Tadhg Blommerde
Waterford Institute of Technology
Blommerde, T. and Lynch, P. (2014) 'Dynamic Capabilities for Managing Service Innovation: Towards a Conceptual Framework', Paper presented at the Irish Academy of Management, 3-5 September, Limerick, Ireland.Blommerde, T. and Lynch, P. (2013) 'Towards a Conceptualisation of a Service Innovation Maturity Model', Paper presented at the Irish Academy of Management, 2-4 September, Waterford, Ireland.Lynch, P., Power, J., Hussey, J. and Blommerde, T. (2013) 'Reimagining Ireland's Innovation Landscape to Realise the Potential of Service Innovation', Paper presented at the Irish Academy of Management, Waterford, Ireland: 2-4 September.
Aim/research question
This paper presents a conceptualisation of service innovation capability maturity and describes a procedure for developing and validating an instrument for its assessment.
Background and rationale
While the provision of novel services is widely accepted as a source of competitive advantage (Vargo and Lusch, 2004), the attention of practitioners and academics has in recent years turned to the ability to generate outputs of this type, labelled service innovation capability (Lillis et al., 2015). This describes the capacity to deploy resources to develop and improve services in response to changes in the operating environment (Pöppelbuß et al., 2011). However, in contrast with its stated importance and links to performance (Omar et al., 2016), “a significant gap exists in our knowledge of service firm innovation capability” (Hogan et al., 2011: 1264). Unfortunately this situation has not improved since the foregoing statement was made and presently only a small number of flawed measures exist (Nada and Ali, 2015).
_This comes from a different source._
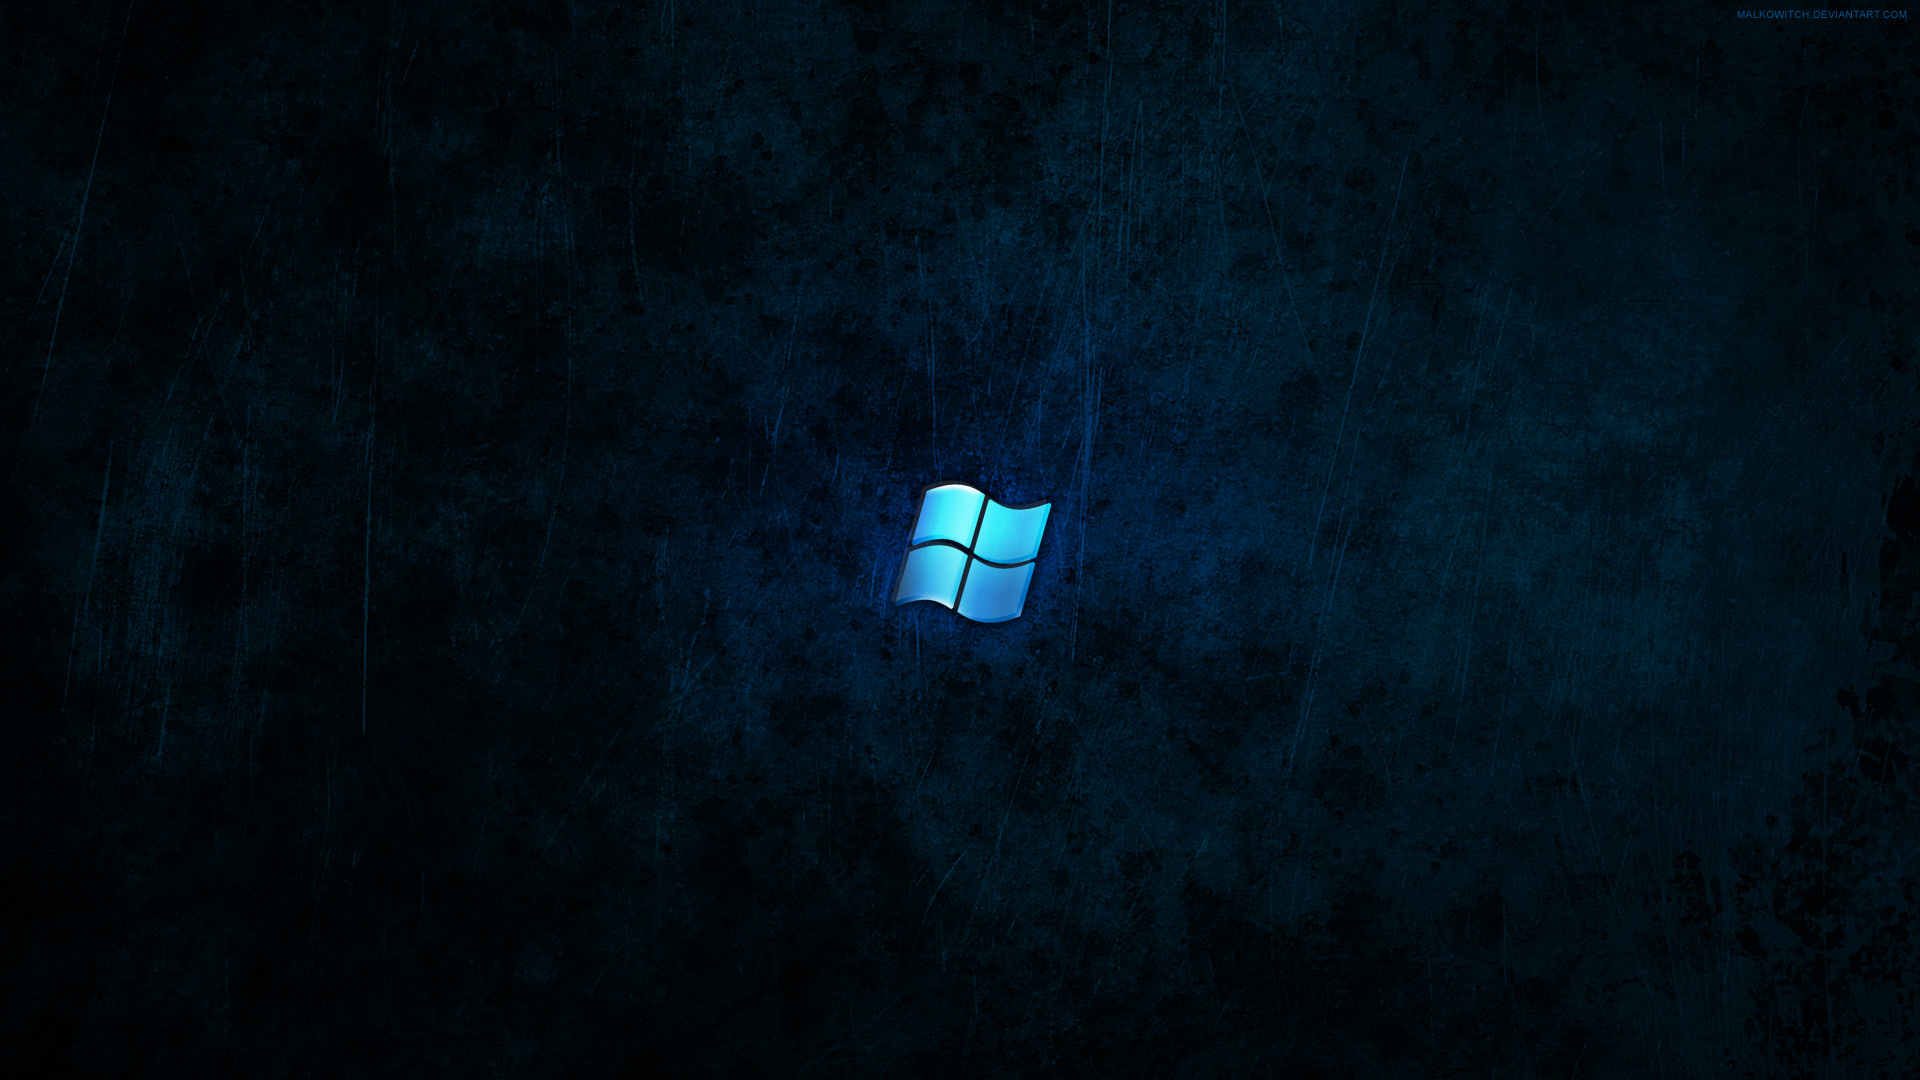 [49+] Dark Windows 10 Wallpapers | WallpaperSafari.com

Undoubtedly part of this problem is that inadequate procedures have been employed in the construction these measures (Hogan et al., 2011), which notably have failed to discuss the development of appropriate conceptual definitions (MacKenzie et al., 2011). This is evident from instruments that measure service innovation capability unidimensionally, despite the prevailing view in the discipline that it is a multidimensional construct (Grawe et al., 2009). Indeed, service innovation capability is generally assessed only by its outcomes, rather than components, through methods that do not adhere to any guidelines at all (Tang et al., 2015). Critically, these neglect to examine the maturity, or sophistication with which this key capability is executed, and provide no directions for its enhancement. As a consequence, firms have no understanding of where their capability is suffering or how to upgrade their innovative maturity mode (Hipp and Grupp, 2005).
Therefore, the purpose of this research is remove confusion by detailing a procedure through which a suitable measure of service innovation capability maturity can be developed.
Methodology
It describes the methodological process required to achieve this, following the comprehensive sequence of steps advanced by MacKenzie et al. (2011), and measuring its maturity through that of its 4 dimensions, User Involvement, Knowledge Management, Strategising, and Networking (Blommerde and Lynch, 2014). As these components are not caused by service innovation capability, but rather cause this construct, a formative approach is necessitated, a technique that differs significantly from conventional scale development (Diamantopoulos and Winklhofer, 2001).
Key results and contributions
To this point, the survey instrument emerging from this procedure has been endorsed by academic experts for content validity and evaluated and confirmed through a pre-test with 8 practitioners. The following stages require additional data to be collected and for empirical indicator and construct validation to occur. The key contributions of this paper are its description of the conceptual and methodological processes underlying the development of a measure for service innovation capability maturity. Of particular significance are its application of formative techniques and guidelines for the utilisation of this approach.